The concept of two-tiered pipelines

In our experience, we are typically interested in running two different types of commands: Those that operate on each sample independently, and those that operate on all samples simultaneously. Since sample-independent pipelines can be easily parallelized by sample, we distinguish these.

Looper divides pipelines into two types: sample pipelines and project pipelines.

This philosophy is conceptually similar to the MapReduce programming model, which applies a split-apply-combine strategy. In the case of running pipelines on sample-intensive research projects, we split the project into samples and apply the first tier of processing (the sample pipeline). We then combine the results in the second tier of processing (the project pipeline).

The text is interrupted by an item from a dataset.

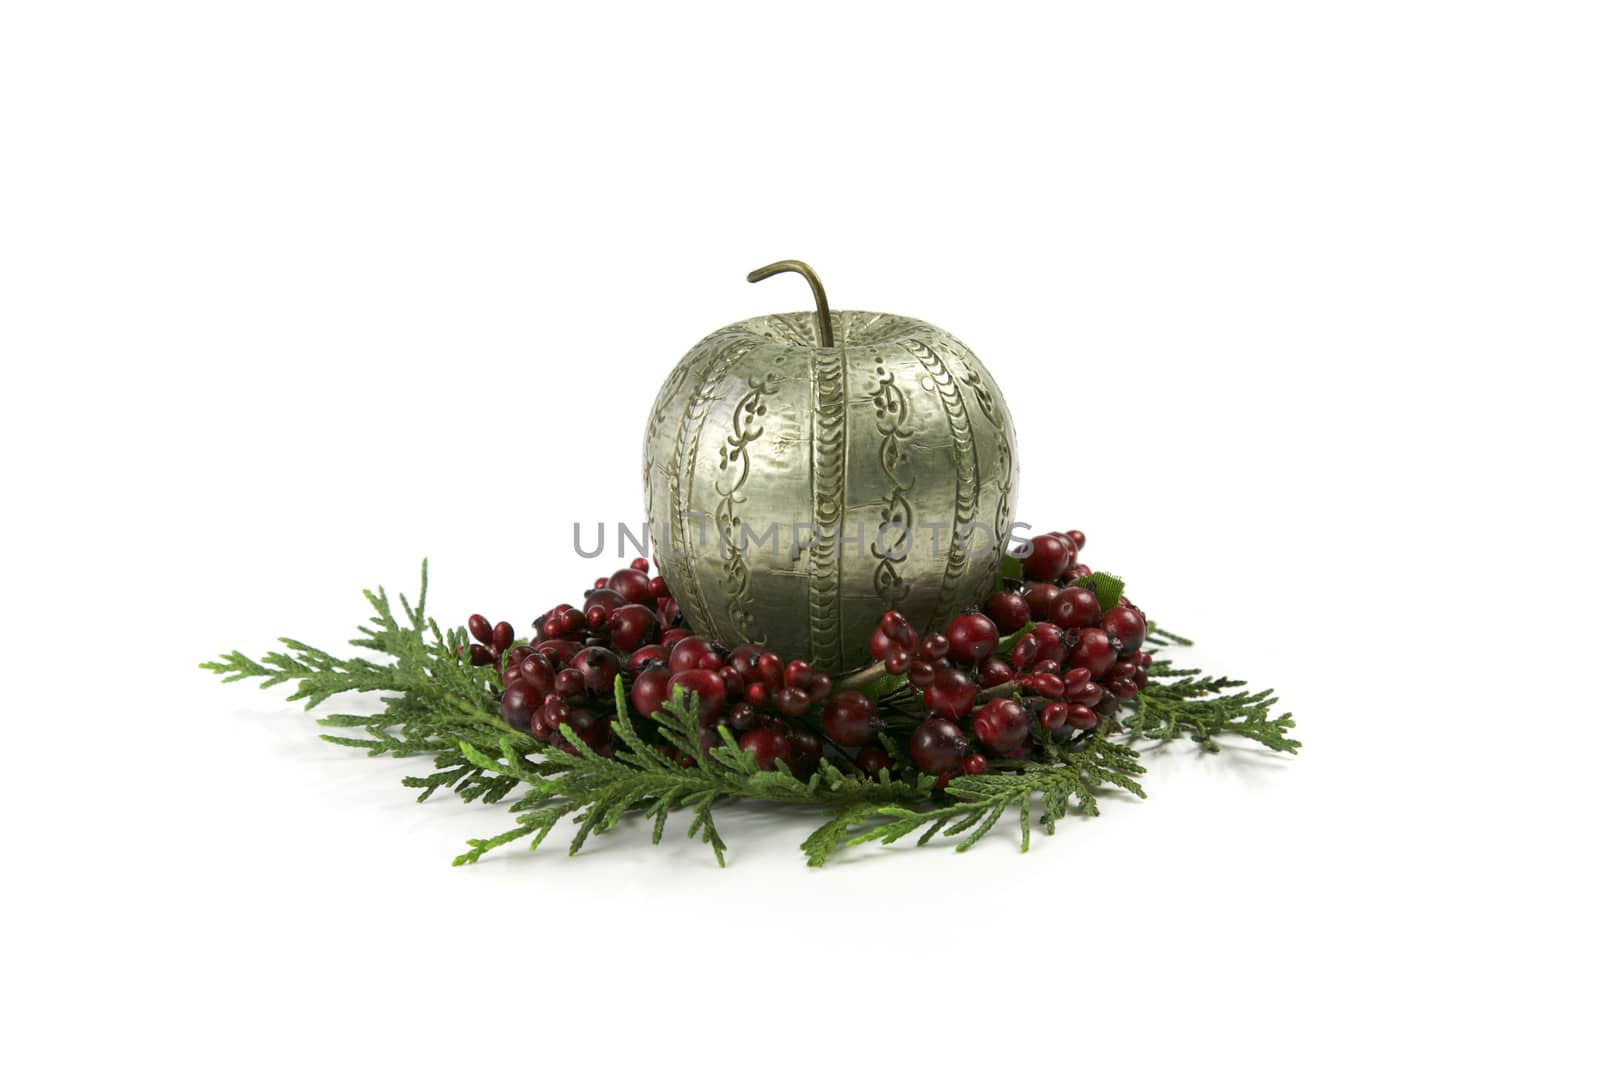 Christmas Apple Made of Silver on top of red Berries and the Christmas Tree, Seasonal Holidays

Looper doesn't require you to use this two-stage system, but it simply makes it easy to do so. Many pipelines operate only at the sample level and leave the downstream cross-sample analysis to the user.

Sample pipelines

The typical use case is sample-level pipelines. These are run with looper run. Pipeline interface defining a sample pipeline must include pipeline_type: "sample" statement.

Project pipelines

Project pipelines, identified by pipeline_type: "project" statement in the pipeline interface, will be run with looper runp (where the p stands for project). Running a project pipeline operates in almost exactly the same way as the sample pipeline, with 2 key exceptions: First, instead of creating a separate command for every sample, the looper runp will only create a single command per pipeline for the project. And second, the command template itself will not have access to a sample namespace representing a particular sample, since it's not running on a particular sample; instead, it will have access to a samples (plural) namespace, which contains all the attributes from all the samples.

In a typical workflow, a user will first run the samples individually using looper run, and then, if the pipeline provides one, will run the project component using looper runp to summarize or aggregate the results into a project-level output.